Exercise description >> Write the data out again exactly, with every picture removed.

Collected material >>
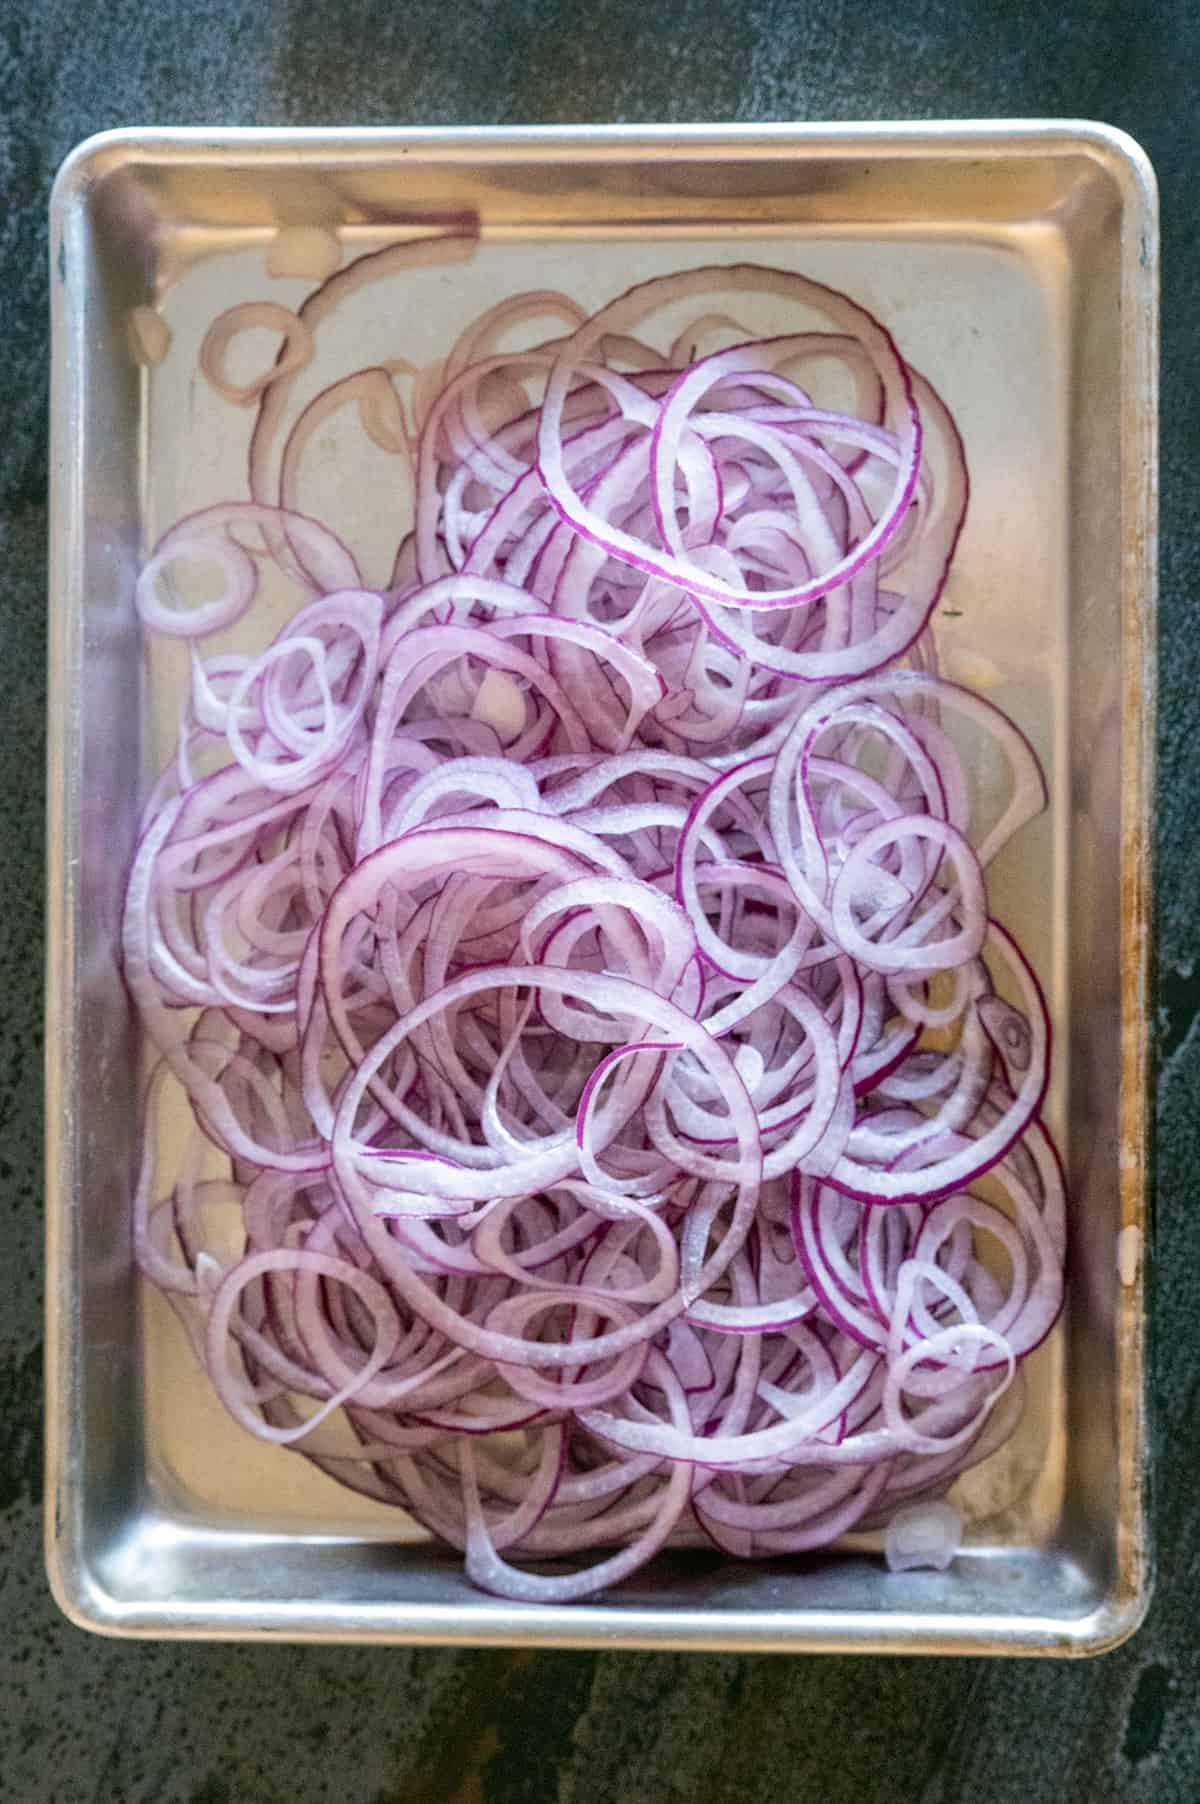 Sheet pan of thinly sliced red onions.
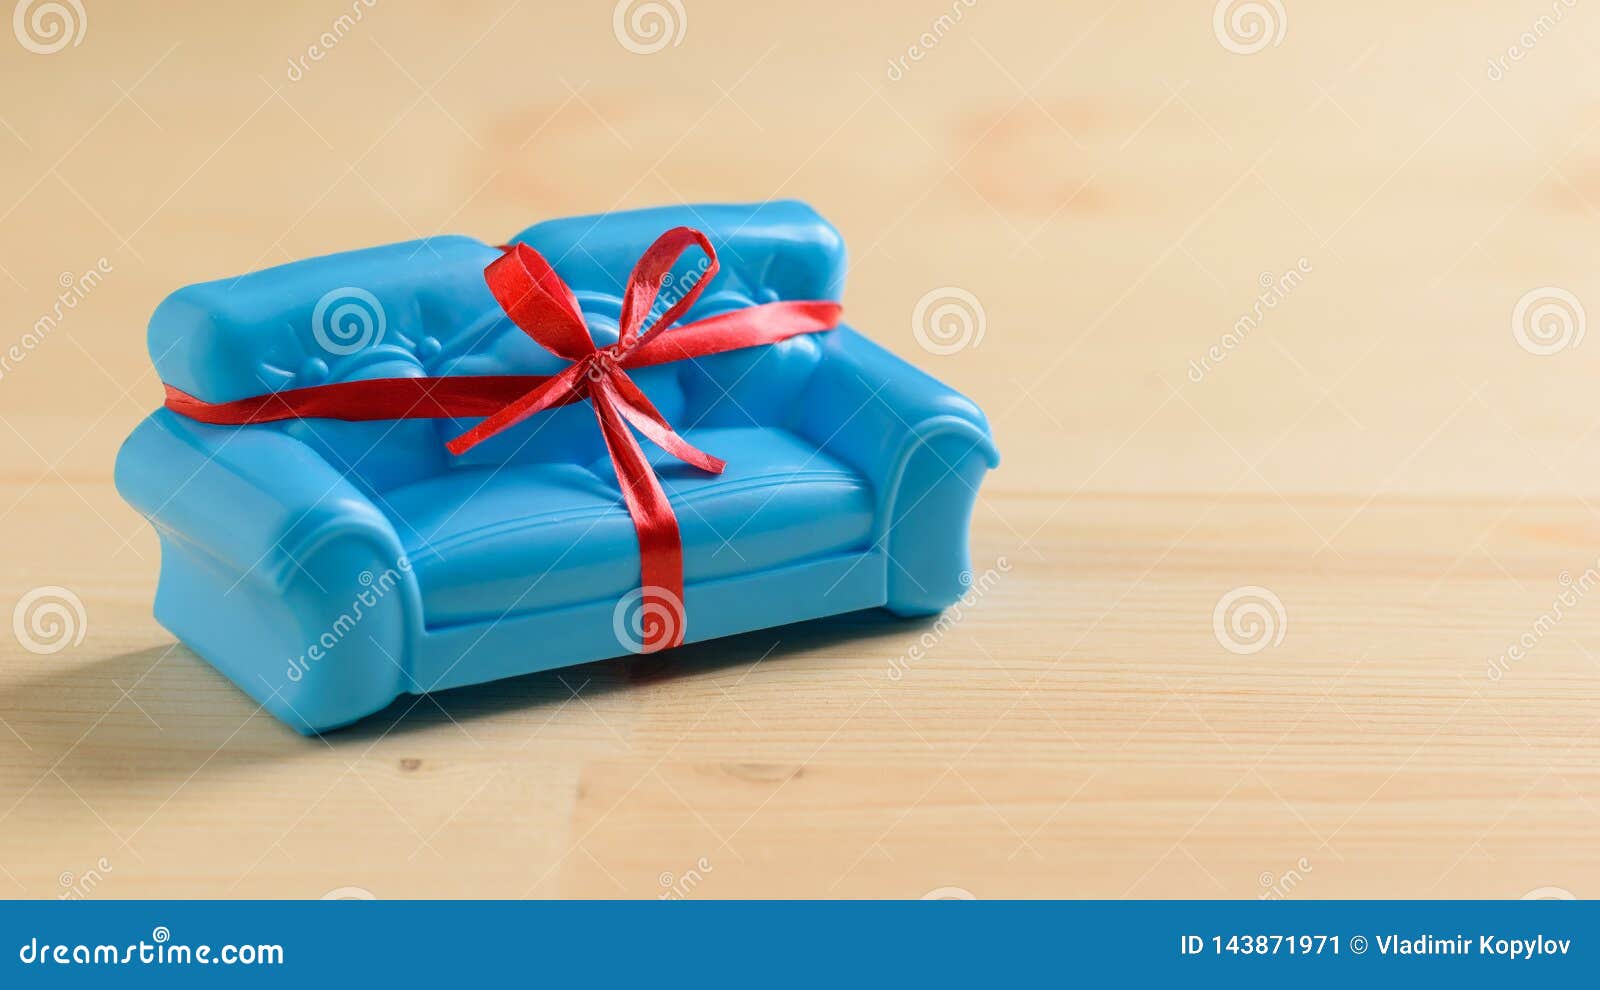 Blue Sofa With Red Ribbon Wooden Floor Made Of Light Wood Unusual
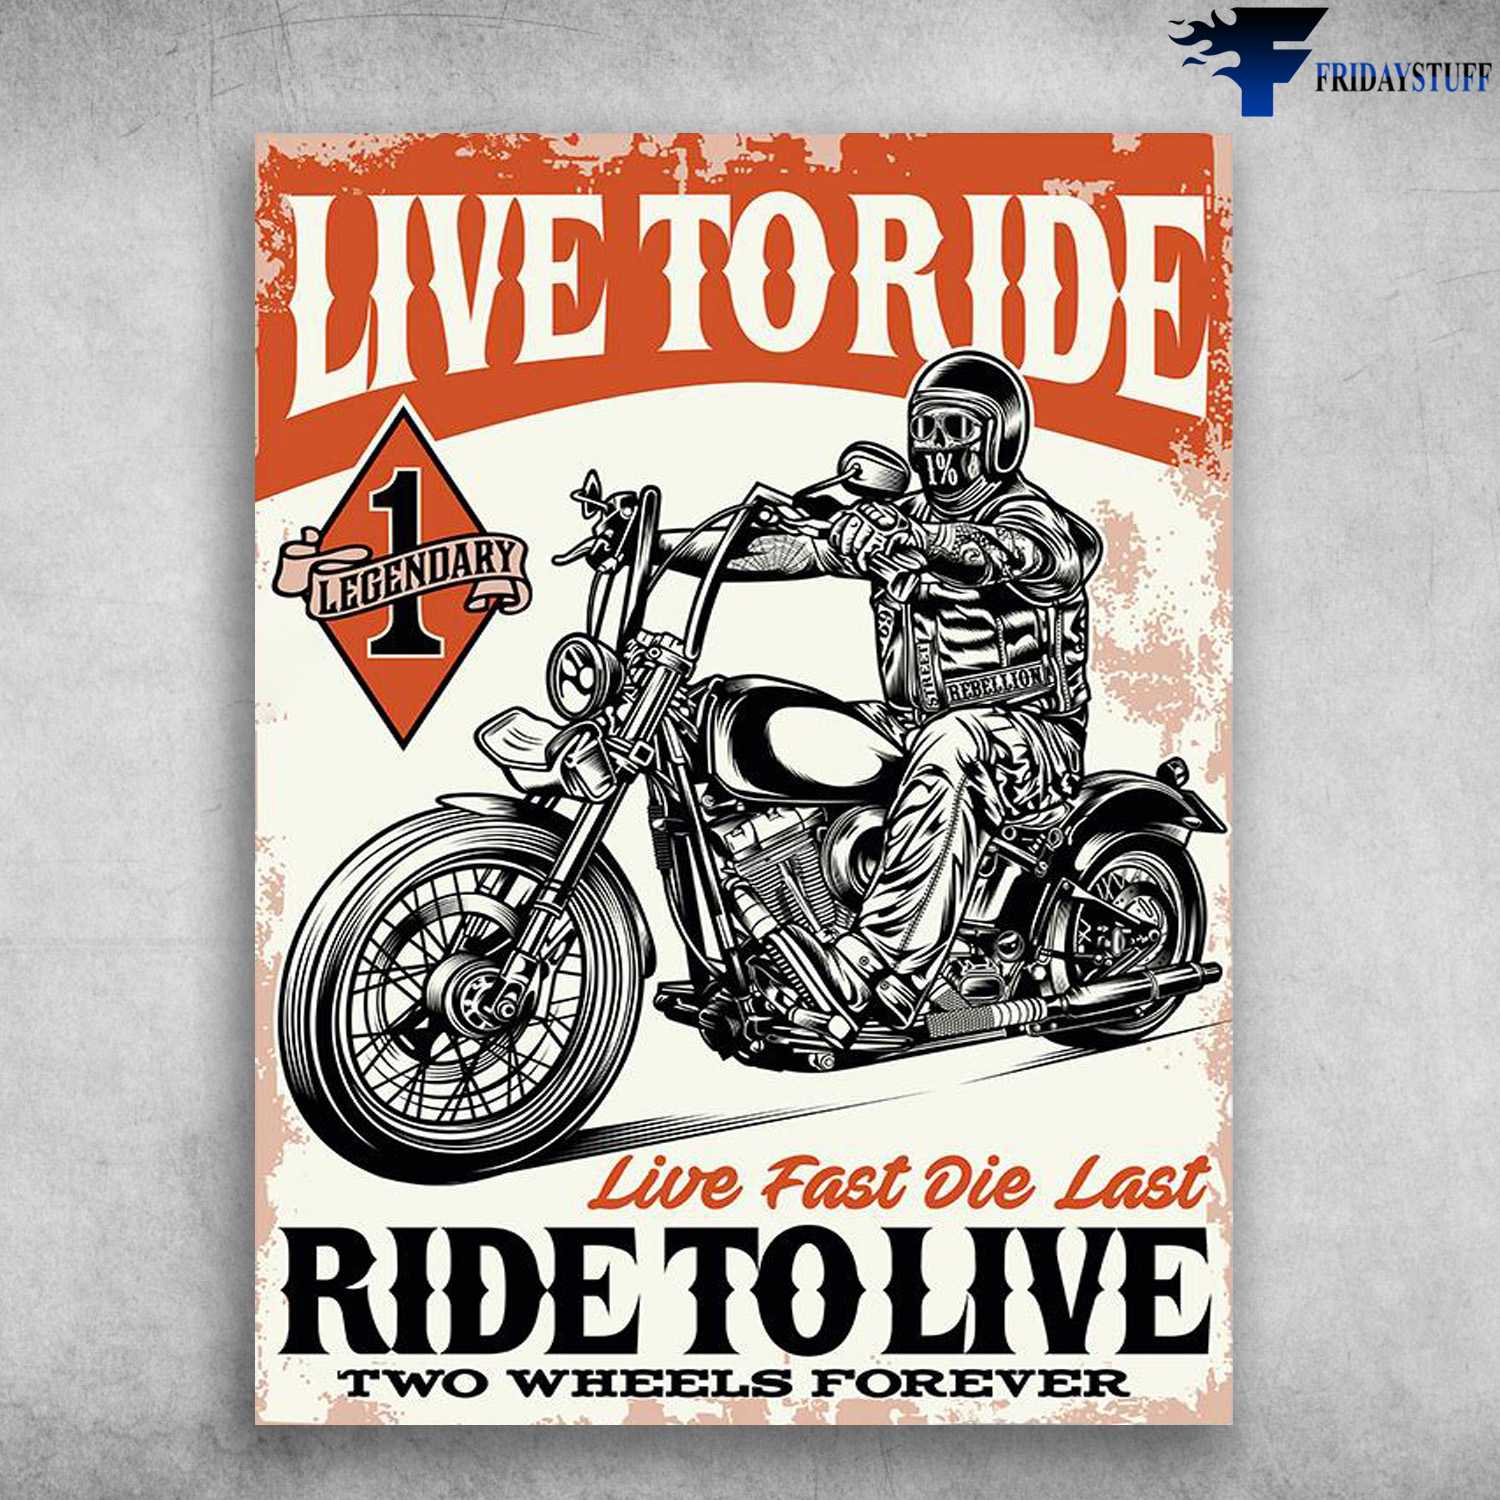 Motorbike Lover, Motorcycle Man - Live To Ride, Live Fast Die Last, Ride To Live, Two Wheels Forever

Output below >>
 Sheet pan of thinly sliced red onions.
 Blue Sofa With Red Ribbon Wooden Floor Made Of Light Wood Unusual
 Motorbike Lover, Motorcycle Man - Live To Ride, Live Fast Die Last, Ride To Live, Two Wheels Forever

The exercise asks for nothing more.